BostonLDA <- lda(crim01~age+dis+nox+medv+tax+rad, data=train)
BostonLDAPred <- predict(BostonLDA, test)$class
mean(BostonLDAPred != test$crim01) # error rate
## [1] 0.125
BostonLDA2 <- lda(crim01~nox ,data=train)
BostonLDAPred2 <- predict(BostonLDA2, test)$class
mean(BostonLDAPred2 != test$crim01) # error rate
## [1] 0.1710526
RESPONSE: the LDA method resulted in the opposite conclusion, the error rate is lower for the LDA that had more predictor variables, however it is still higher than the Linear Regression using only nox.

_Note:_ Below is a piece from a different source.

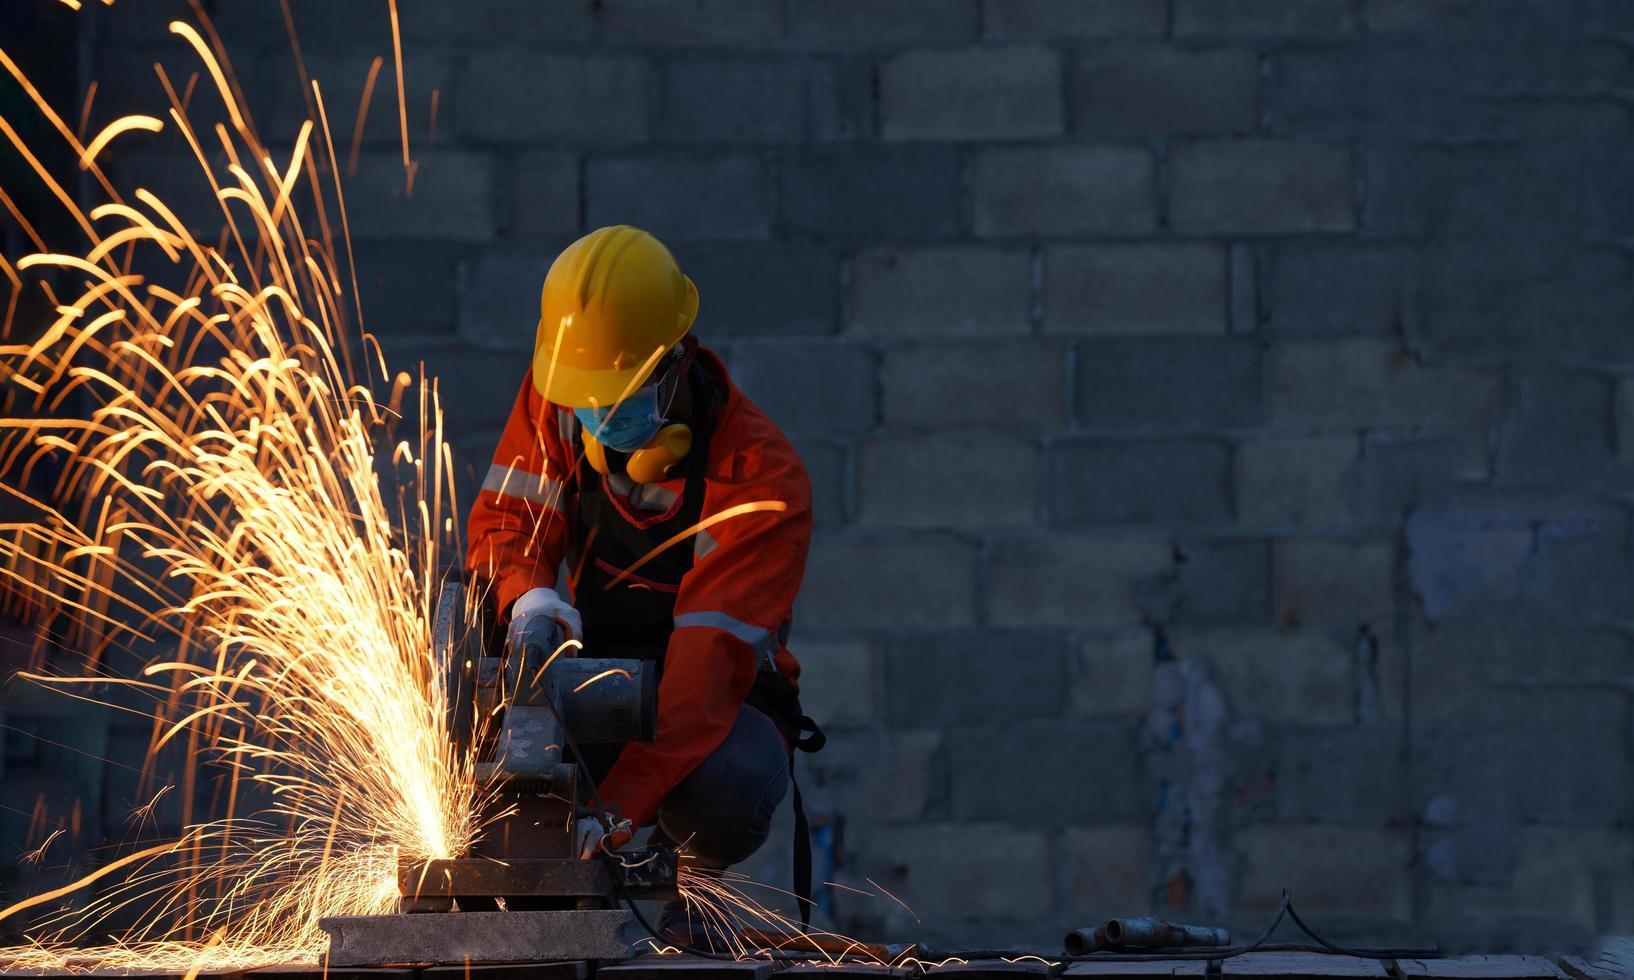 technicus die vezel snijplatform gebruikt om staal te snijden foto

The lowest error rate for the LDA was 12.50% compared to the lowest Logistic Regression error rate at 11.84%
BostonQDA <- qda(crim01~age+dis+nox+medv+tax+rad, data=train)
BostonQDAPred <- predict(BostonQDA, test)$class
mean(BostonQDAPred != test$crim01) # error rate
## [1] 0.1381579
BostonQDA2 <- qda(crim01~nox+black+age+tax+medv, data=train)

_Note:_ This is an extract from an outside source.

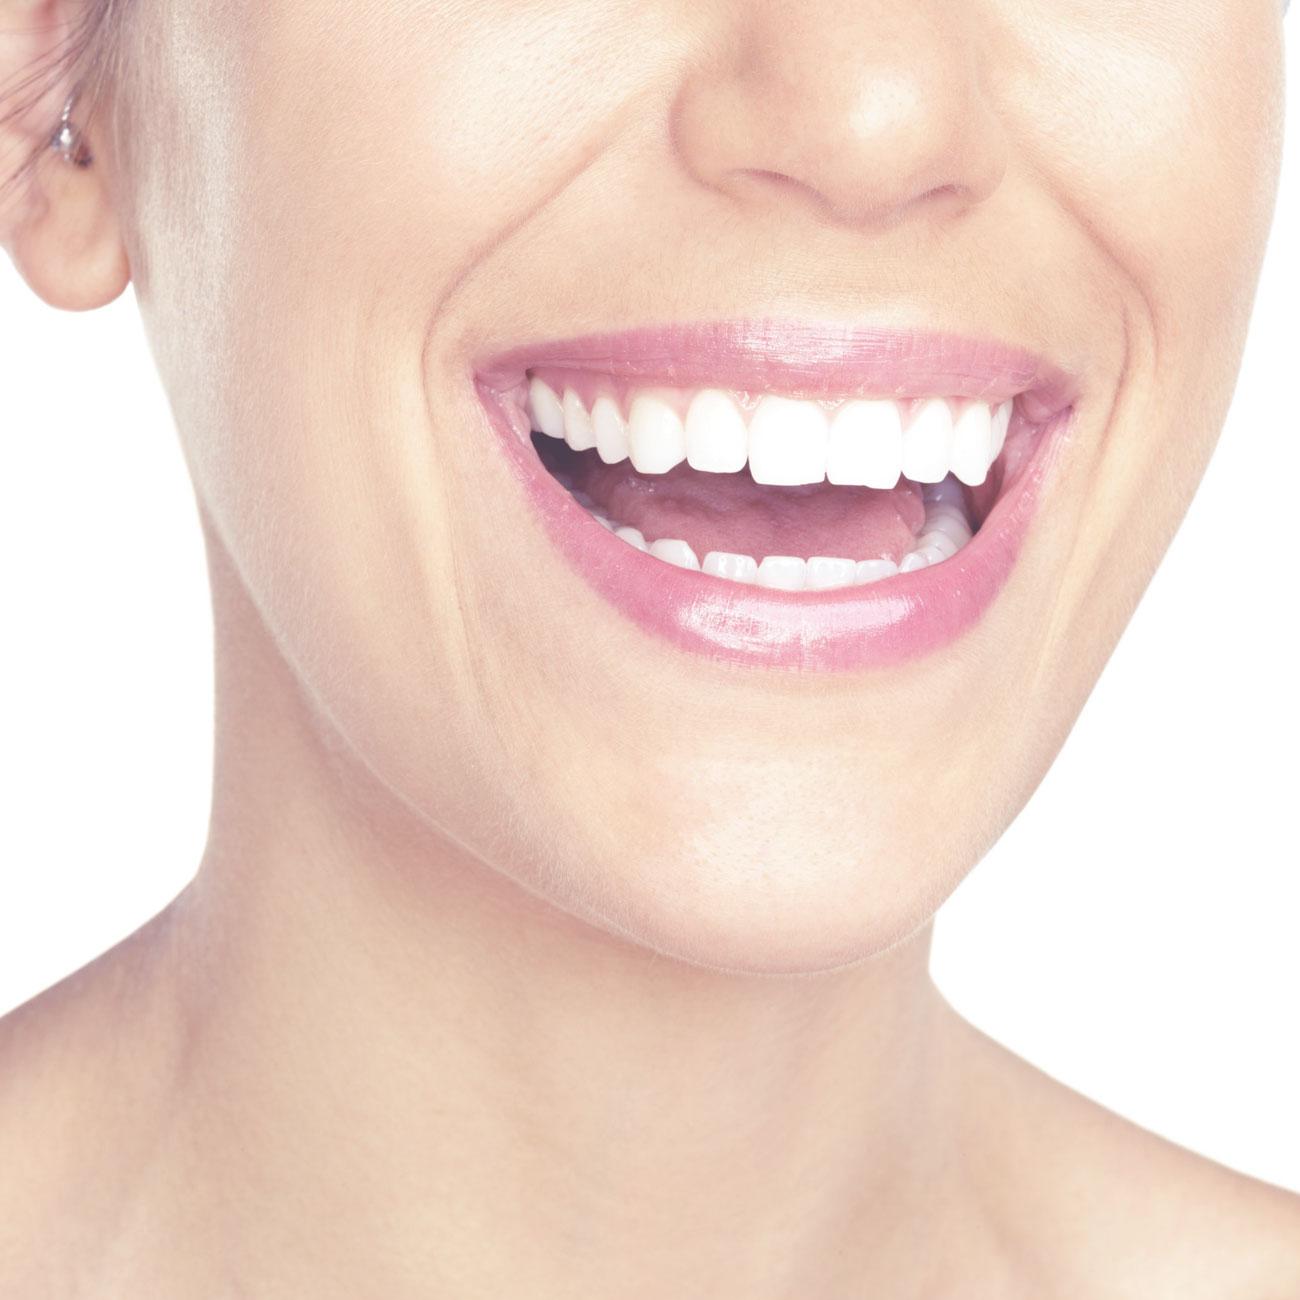 Diseño de la sonrisa en 3d

BostonQDAPred2<- predict(BostonQDA2, test)$class
mean(BostonQDAPred2 != test$crim01) # error rate
## [1] 0.1315789
RESPONSE: The second QDA resulted in a lower error rate, yet still not better then the logistic regression using only nox
set.seed(1)
BostonKNNPred <- knn(train.X1, test.X1, train$crim01, k=10)
mean(BostonKNNPred != test$crim01)
## [1] 0.1644737
knn2.pred <- knn(train.X2, test.X2, train$crim01, k=1)
mean(knn2.pred != test$crim01)
## [1] 0.03947368
RESPONSE: Out of all the methods the KNN method with two predictors yielded the lowest error rate.Indeed a considerably lower error rate compared to all the other methods, at around 3.95%.